Die Evangelische Kirche von Westfalen steht vor einschneidenden Sparmaßnahmen, aber auch innovativen Reformen. Mit Blick auf die bis 2028 nötige Kürzung der jährlichen Ausgaben auf der landeskirchlichen Ebene forderte der Theologische Vizepräsident Ulf Schlüter am Mittwoch in Bielefeld, sich vom Behördendenken zu verabschieden. Die Synode der viertgrößten Landeskirche beschloss zum Abschluss ihres viertägigen Herbsttreffens, ein komplett neues Leitungsmodell für Kirchengemeinden zu erproben.
Weitere wichtige Themen waren die Aufarbeitung sexualisierter Gewalt, die Entwicklung des Pfarrdienstes und politische Fragen sowie die Nachfolge von Annette Kurschus. Die Theologin war wegen mangelnder Kommunikation im Zusammenhang mit einem mutmaßlichen Missbrauchsfall in ihrem Umfeld vor einem Jahr als Ratsvorsitzende der Evangelischen Kirche in Deutschland (EKD) und westfälische Präses zurückgetreten, seither ist das Spitzenamt vakant. Wegen der Absage des einzigen Kandidaten war auf der Herbstsynode keine Präses-Wahl möglich war, soll nun auf einer Sondersynode am 29. März entschieden werden, wer die Nachfolge von Annette Kurschus antritt.
Schlüter sagte zu den kirchlichen Strukturen mit Blick auf das Landeskirchenamt in Bielefeld mit aktuell mehr als 300 Beschäftigten: „Wir werden wegkommen müssen von dem alten Bild einer großen Behörde, sozusagen ein Ministerium für die Kirche.“ In fünf Jahren müsse es in der westfälischen Kirche auch deutlich weniger als die bisherigen rund 500 Körperschaften geben. Auch die drei Landeskirchen in Nordrhein-Westfalen müssten „sehr, sehr intensiv kooperieren“. Wenn es nach ihm ginge, sollte es zudem bundesweit weniger evangelische Landeskirchen geben: „Wenn wir in zehn Jahren noch 20 Landeskirchen haben, dann haben wir wirklich sehr viel falsch gemacht.“
Bei der Leitung der Kirchengemeinden will die westfälische Kirche auf dem Weg zu schlankeren Strukturen völlig neue Wege gehen: Die Gemeinden sollen nicht mehr nur von Presbyterien geleitet werden können, sondern alternativ auch von einer kleinen Gruppe von drei bis zehn Menschen. Bis zu zehn Prozent der 431 westfälischen Gemeinden können dieses Modell vom kommenden Jahr an ausprobieren, bis es möglicherweise dauerhaft und flächendeckend etabliert wird. Die Neuerung wird in Zeiten sinkender Mitgliederzahlen als Chance gesehen, Leitungsgremien zu verkleinern oder für mehrere Kirchengemeinden zusammenzulegen.
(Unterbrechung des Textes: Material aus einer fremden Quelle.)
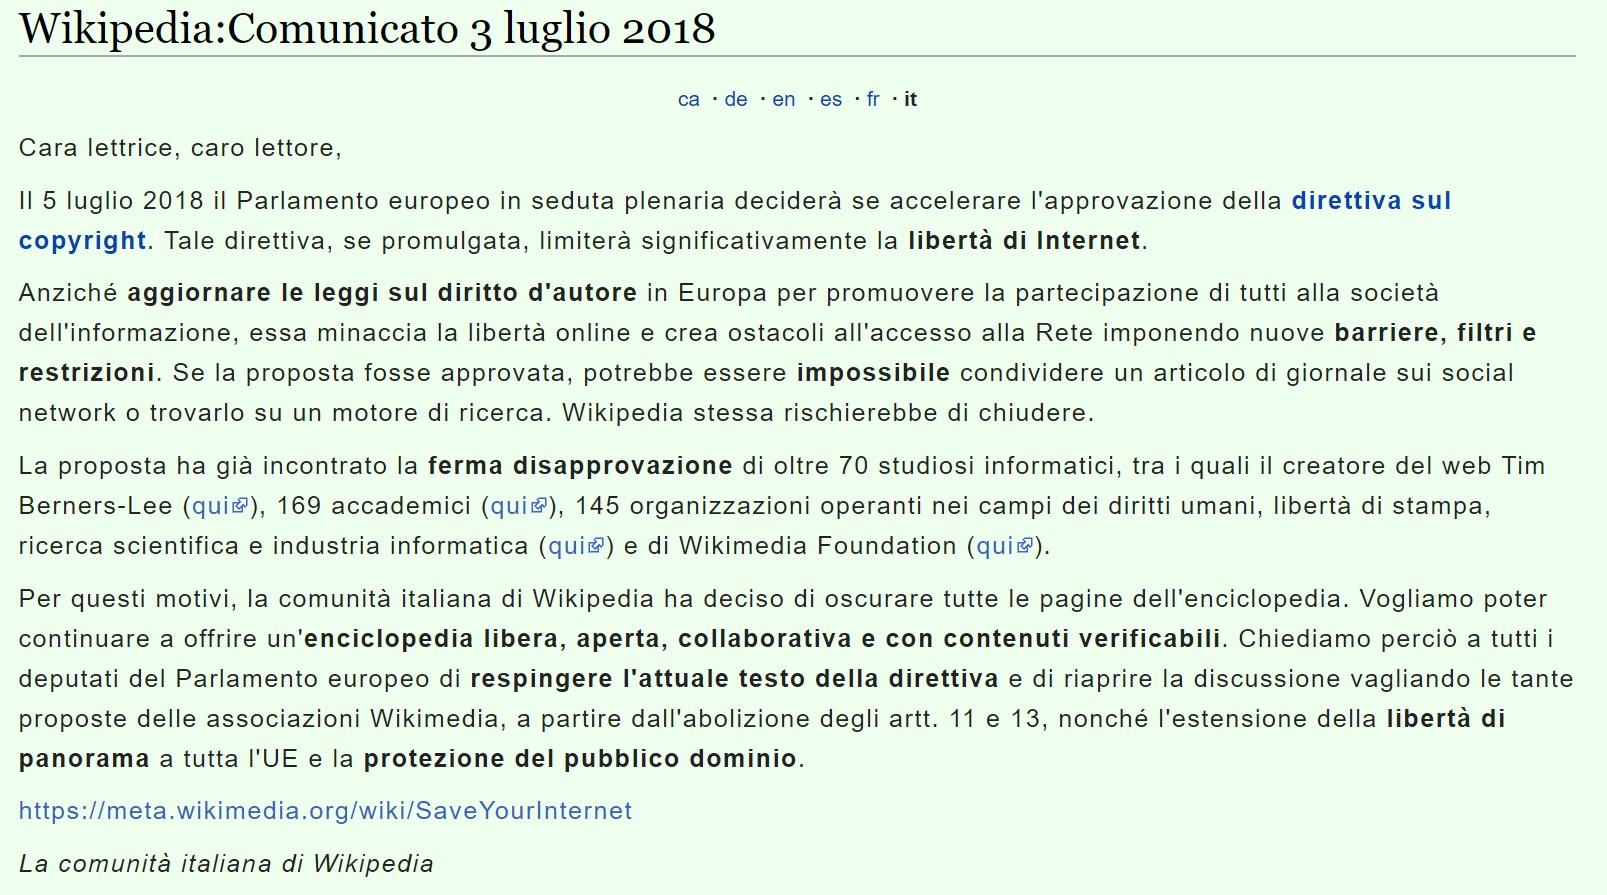 Итальянская Википедия перед голосованием

Weil es an theologischem Nachwuchs fehlt, sind Pfarrerinnen und Pfarrer der westfälischen Kirche künftig für deutlich mehr Kirchenmitglieder zuständig. Bislang ist eine Pfarrstelle für 3.000 Mitglieder vorgesehen, von 2026 bis 2030 muss eine Pfarrstelle 4.000 Gemeindemitglieder versorgen. Langfristig wird eine Gemeindegröße von 5.000 Mitgliedern vorgeschlagen. Nur dann könne es eine „ausgewogene und bedarfsorientierte Pfarrstellenbesetzung“ geben, hieß es.
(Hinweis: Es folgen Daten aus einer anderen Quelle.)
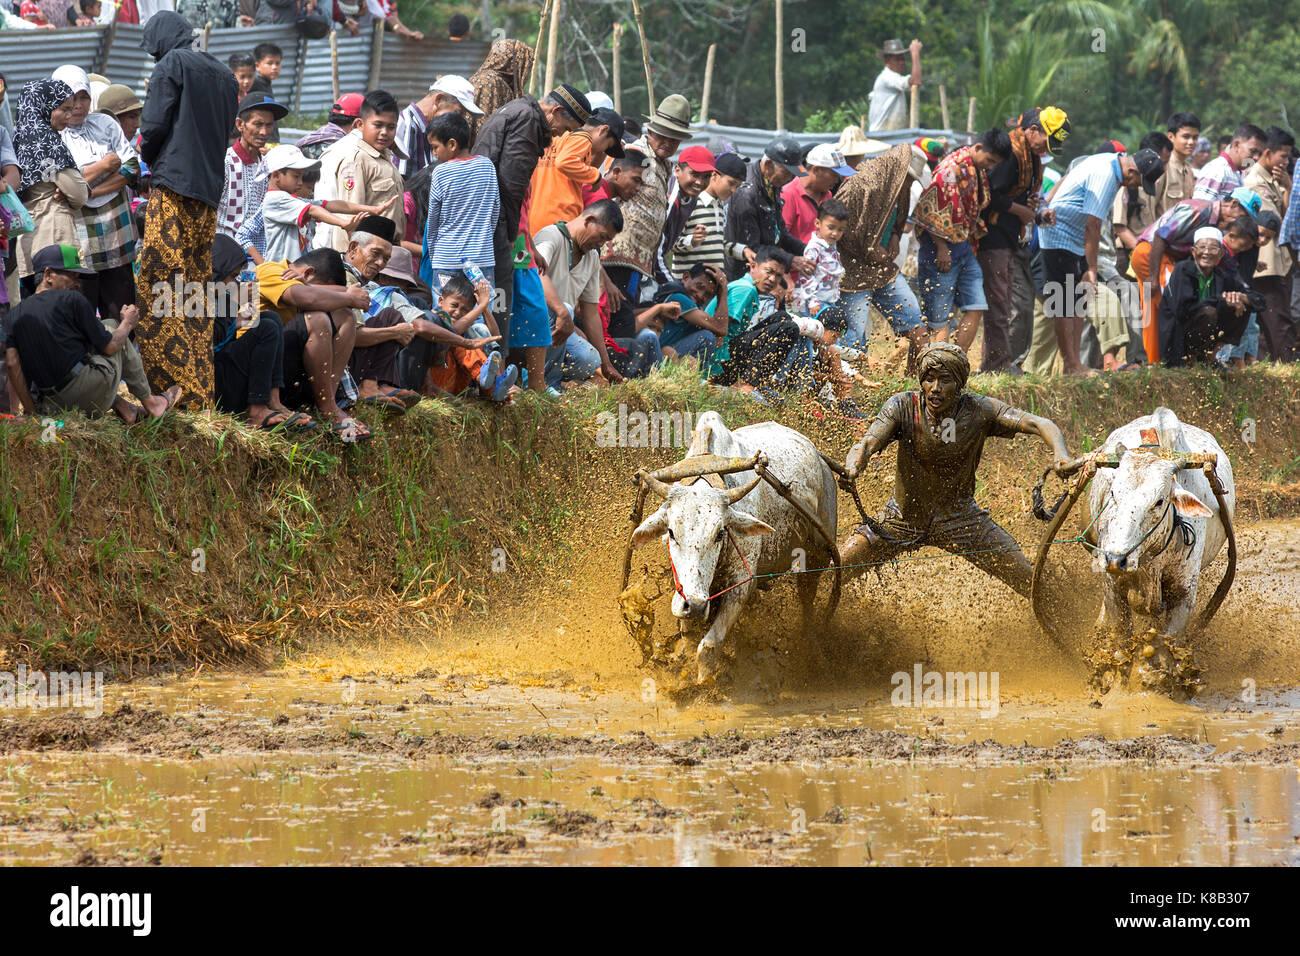 pacu-jawi-cow-racing-jockey-muddies-the-crowd-in-west-sumarta-indonesia-K8B307.jpg
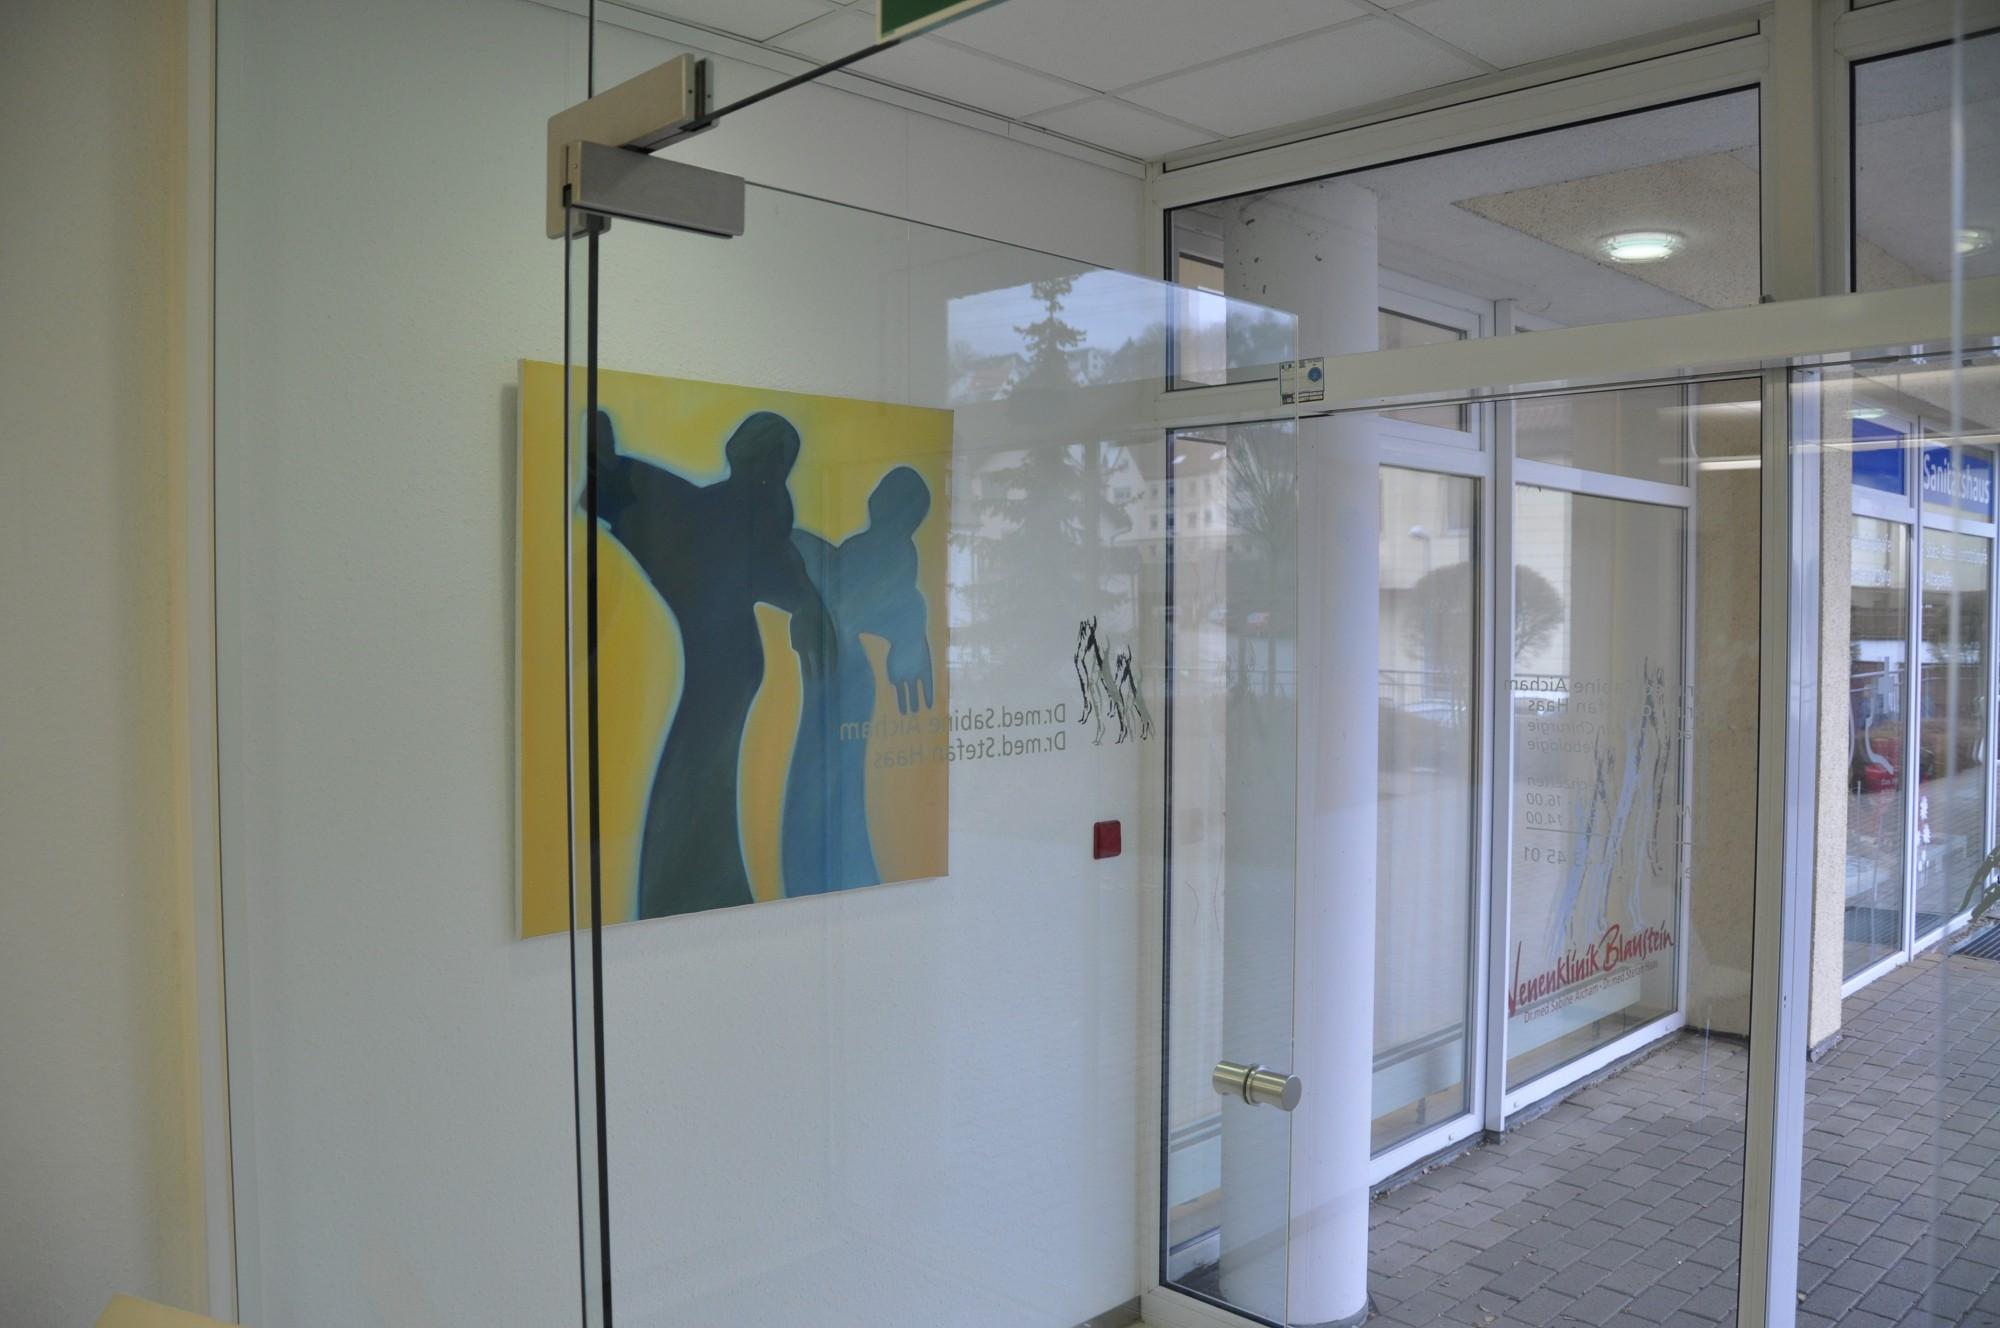 SAPRI-Bild im Eingangsbereich der Venenklinik Blaustein GmbH

Ein weiteres von der Synode beschlossenes Gesetz soll die Stimme junger Leute in kirchlichen Angelegenheiten stärken. Es räumt jungen Menschen das Recht ein, eine kirchliche Kinder- und Jugendvertretung in Gemeinden, Kirchenkreisen oder der Landeskirche zu gründen.
In einer Erklärung warnte das Kirchenparlament vor Einschränkungen des Asylrechts. Das Recht auf Asyl sowie internationale Vereinbarungen zum Schutz von Geflüchteten dürften weder gesellschaftlichen Stimmungen noch kurzfristigen parteipolitischen Interessen geopfert werden.
Entsetzt äußerte sich die Synode über das Ausmaß der Gewalt im Nahen Osten, insbesondere über die katastrophale humanitäre Notlage in Gaza. Mit Sorge werde der Zuwachs an antisemitischen, antiislamischen, antiisraelischen und antipalästinensischen Vorfällen in Deutschland beobachtet. Die Kirchen müssten „Räume für Frieden und Mitgefühl“ schaffen, in denen eine theologisch und politisch differenzierte Beschäftigung möglich sei.